How Can I Afford to Retire?

 In my post of February 25, 2013 Graciewilde said...

How can I afford to retire? I need stupid heath insurance but I want to free myself from the stupid daily work grind. I like my work (most of the time - but I want time in my life to read, to write, to hike, to paint, to be, to travel - oh yeah, that costs MONEY! Answer me that :)
So I want to know what you did. I think I blew it already by being the responsible (read: good) parent and refinancing the house to pay off student loans for two offspring - good for them but now I am tied to house payment when I had been within six months of paying if off.What did you do? teach me!

       Oh Gracie, you don't want to do what I did because I didn't do much as far as retirement goes.  I wanted to have a good time in my younger days and do the things that fulfilled me the most.   My show business career allowed me to have some great experiences, live comfortably, and do something that fulfilled me.  During those years I had plenty of time to do all the fun things that you say you'd like to do and when I was working I was doing something I loved.  I did not, however, put away much of anything for retirement and what I did have I blew on business investments gone bad after I got off the road in 1991.

       If you like your work enough then make the best of it while you can and be thankful that you have that job.  After I lost my regular job in 2009 I thought finding a new one would be a breeze.  Boy was I wrong!  I had enjoyed my job in the 18 years I worked there even though it provided virtually no benefits for retirement or health insurance.  Call it another bad career choice, but the job served me well in many ways during that period of my life and it was something I enjoyed doing.  I miss that job!

       Outcome of that story is that I didn't find anything suitable and started collecting social security which doesn't get me far.  I felt forced to retire, but I can't really afford it.  Thank goodness my wife still has a good job with benefits.  I'm looking for new opportunities, but so far--nothing.

         One thing my parents taught me was if the money's not overflowing don't pay for your kids' college. I paid my own way for the most part and I didn't take any student loans at that time. When my own kids got out of high school they had to do like I did when I was their age.  I didn't have the money to pay for schooling for them so they were on their own for the biggest part of the venture.  I helped where I could, but all three had to make their own ways in life and they've been doing pretty good so far.

         My big dumb mistake was that I took out a student loan to finish my own degree.  Since I had my job at the time, paying off a loan didn't seem like such a big deal.   A few years after I got the stupid degree I lost my job and the degree wasn't any help in me finding another one.  My B.S. in Business Management was a lot of B.S.   I don't regret the degree, but now I'm saddled with a student loan that will take a few more years to pay off with me getting my pittance of a social security check.  

         So, Gracie, from what I know about you from your blog and comments you have left me, it sounds like you have a fairly decent job and you need to try to enjoy it as best you can while balancing out your free time doing things you love and spending time with family.  It's too late to teach me anything, but I could have learned something from your experiences.   We can pass on what we have learned in life to our kids or other younger folk, but will they listen?    I sure didn't listen to a lot of the advice I was given when I was younger.  But do I regret my decisions in life and get depressed about my current state?

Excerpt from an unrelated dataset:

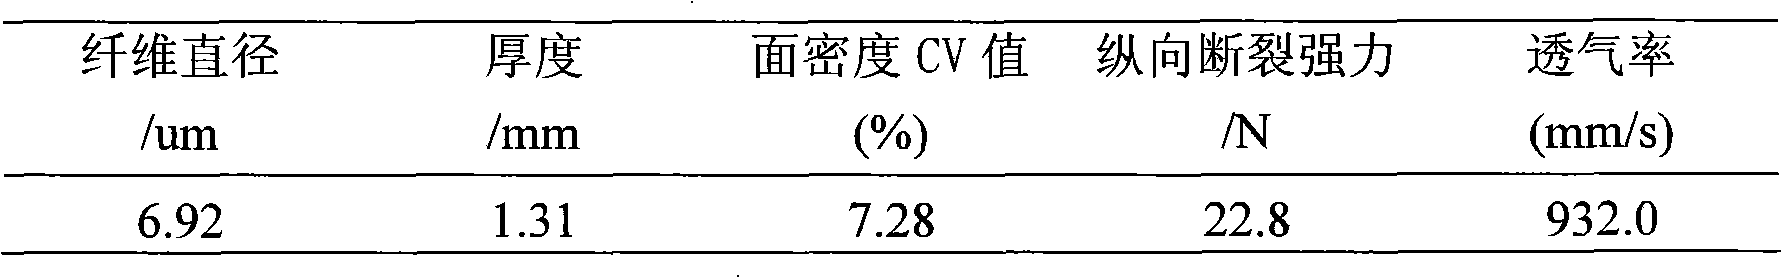 Manufacture method of biodegradable non-woven material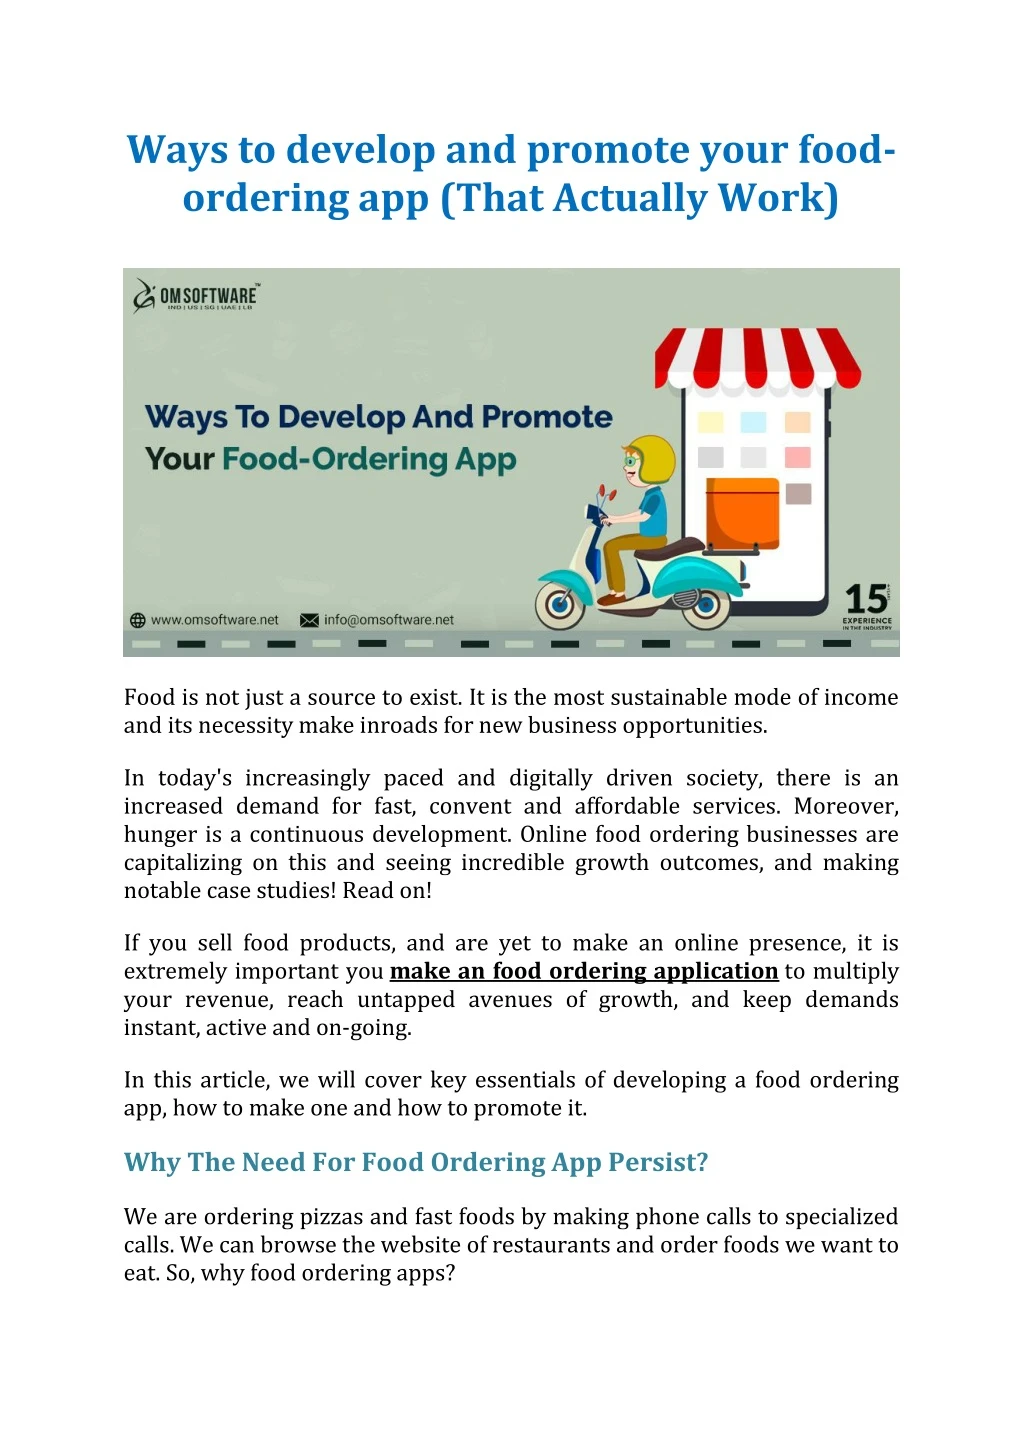 ways to develop and promote your food ordering

          There's nothing we can do about our past other than accept it and try to find all the best parts of what our lives have been and put them to good use as memories or lessons learned or however we want to refer to them.   No point in worrying ourselves sick over yesterday or tomorrow for that matter.  I like to subscribe to the Matthew 6:34 philosophy.  You can look it up, but essentially that very wise verse advises us that worry is unproductive and we need to focus on today.  If we worry ourselves sick in mind or body then what good have we accomplished?

           Sure, I know it's pretty simplistic, but why should we fret over things that are not even guaranteed?  I don't mean to neglect things like health, retirement, or where we'll get the money to pay the bills.  It's important to do some sensible planning.   But we can't count on anything in this world.   We can look at affairs in current society and see that plans can be dashed in a short matter of time.  Some people who have saved for retirement may not be as set for comfort as they thought.  The whole economy could crash for all we know and then what would all of our slaving and worrying of the past be worth if that time comes.

          For me I might not have much, but I'll have had a lot of years of great memories and experiences and a life that had a pretty decent quality to it.  For you I hope you find the best things that your life offers now and savor them.  I know you have plenty to be thankful for and if you focus on those positives then the other things you want in life will fall into place naturally.  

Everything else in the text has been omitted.